Materials and Methods

Participants

Males aged 18–35 (n = 43) were recruited from the University of Chicago campus and compensated with course credit or payment for their participation in the study. Participants were not screened for current health status, but were instructed to avoid alcohol for 12 h prior and nicotine for 1 h prior to participation. Heart rate and RSA were within normative range for this population (Byrne et al., 1996). Participants’ written informed consent was obtained, and this study was approved by the Institutional Review Board at the University of Chicago. Three subjects were dropped from analysis due to equipment problems, leaving 40 participants, 20 each randomly assigned to control or experimental conditions.

Stimuli

Participants were randomly assigned to one of two groups. The experimental group was shown a 28-min video of a complete Mixed Martial Arts (MMA) fight (UFC 86 Forrest Griffin vs. Quinton “Rampage” Jackson, 2008). MMA is a full contact combat sport similar to boxing that involves the use of martial arts techniques. The selected fight had closely matched contestants and was judged as being extremely close, continuing for a full five rounds with no clear winner in contemporary press reports (Brookhouse, 2008) and the outcome being decided by a judge’s decision that was not shown to subjects. The selection of a fight without an obvious winner and with contestants that unfamiliar to the subjects was done to eliminate any hormonal changes induced by rooting for the winner or loser in a sporting event (Bernhardt et al., 1998). The control group viewed a 28-min non-arousing video on environmental building methods selected to mimic baseline controls in similar studies (Wirth and Schultheiss, 2006).

Procedure

Participants abstained from alcohol for 12 h and food, caffeine, and nicotine for 1 h prior to the experiment to prevent contamination of the saliva samples (Salimetrics^©, 2009; Poll et al., 2007). Upon arrival, participants were brought to a private study room, briefed on the protocol, and informed consent was acquired. Electrodes were attached for EDA and electrocardiography (ECG), and participants were asked to give a practice saliva sample to expose them to the procedure prior to experimental sample collection. The experimenter then left the participants in the room to complete a series of questionnaires administered on a computer. Completion of these questionnaires was used as a non-arousing task for participants during 30 min of sitting in a still and quiet environment, necessary to bring physiological measures to baseline (Lam et al., 2009). Baseline measures were taken while completing non-arousing questionnaires, since it has been argued that having participants perform a low level cognitive task may provide a better baseline than sitting quietly as it leaves less room for variance in the activity they are engaged in (Jennings et al., 2007).
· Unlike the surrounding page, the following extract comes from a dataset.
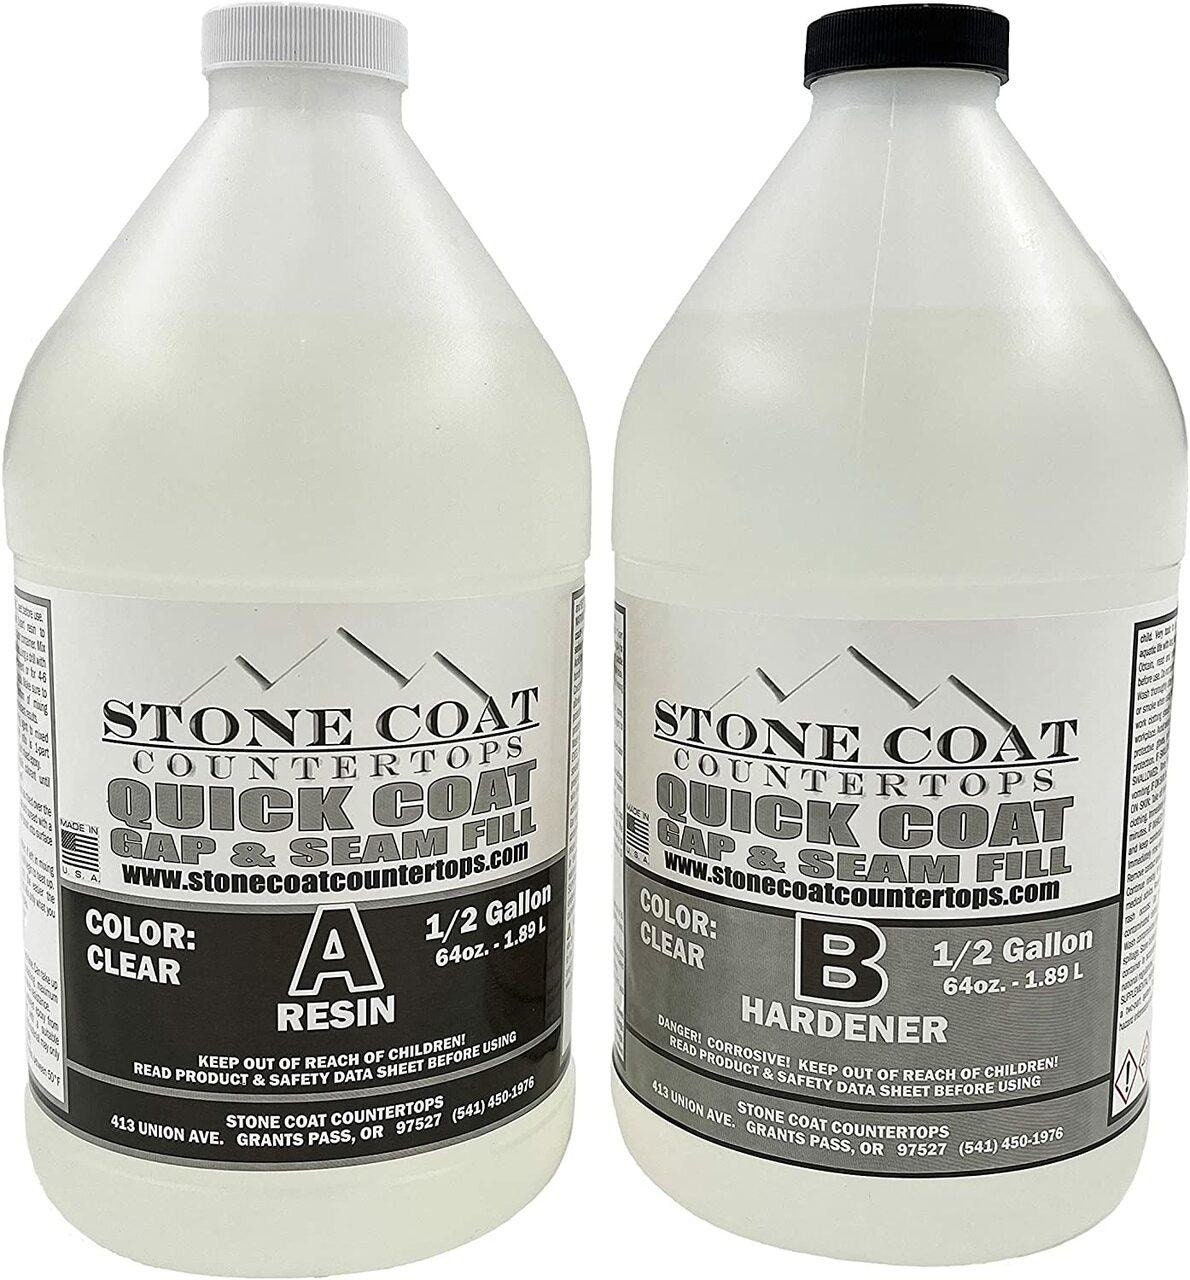 stonecoatcountertops on X: Stone Coat Countertop Epoxy is eco safe, VOC  free with very little order. Don't throw away your old countertops call  today! 541-450-1976 #stonecoatcountertops #DIY #resin   / X

After the 30-min period, a baseline salivary hormone sample was collected and placed immediately into a -20°C freezer. Autonomic measures, which act on a more rapid time course of seconds and typically are left for ∼5 min to stabilize, had also stabilized at this point. Participants were then left alone to watch either the fight or documentary. After the video, a second saliva sample was collected, electrodes were removed, and participants in the experimental condition were asked to answer two questions regarding their rooting behavior (“which fighter were you rooting for?” and “which fighter did you think won the fight?”). These measures were used to confirm that participants’ perceptions of who won and who they wanted to win did not influence their physiological responses to the fight by running correlations between participants’ ratings and the physiological measures. These correlations were not significant (see Table 1).

TABLE 1

TABLE 1. Non-significant correlations between physiological measures and winning and rooting ratings for participants who watched the fight.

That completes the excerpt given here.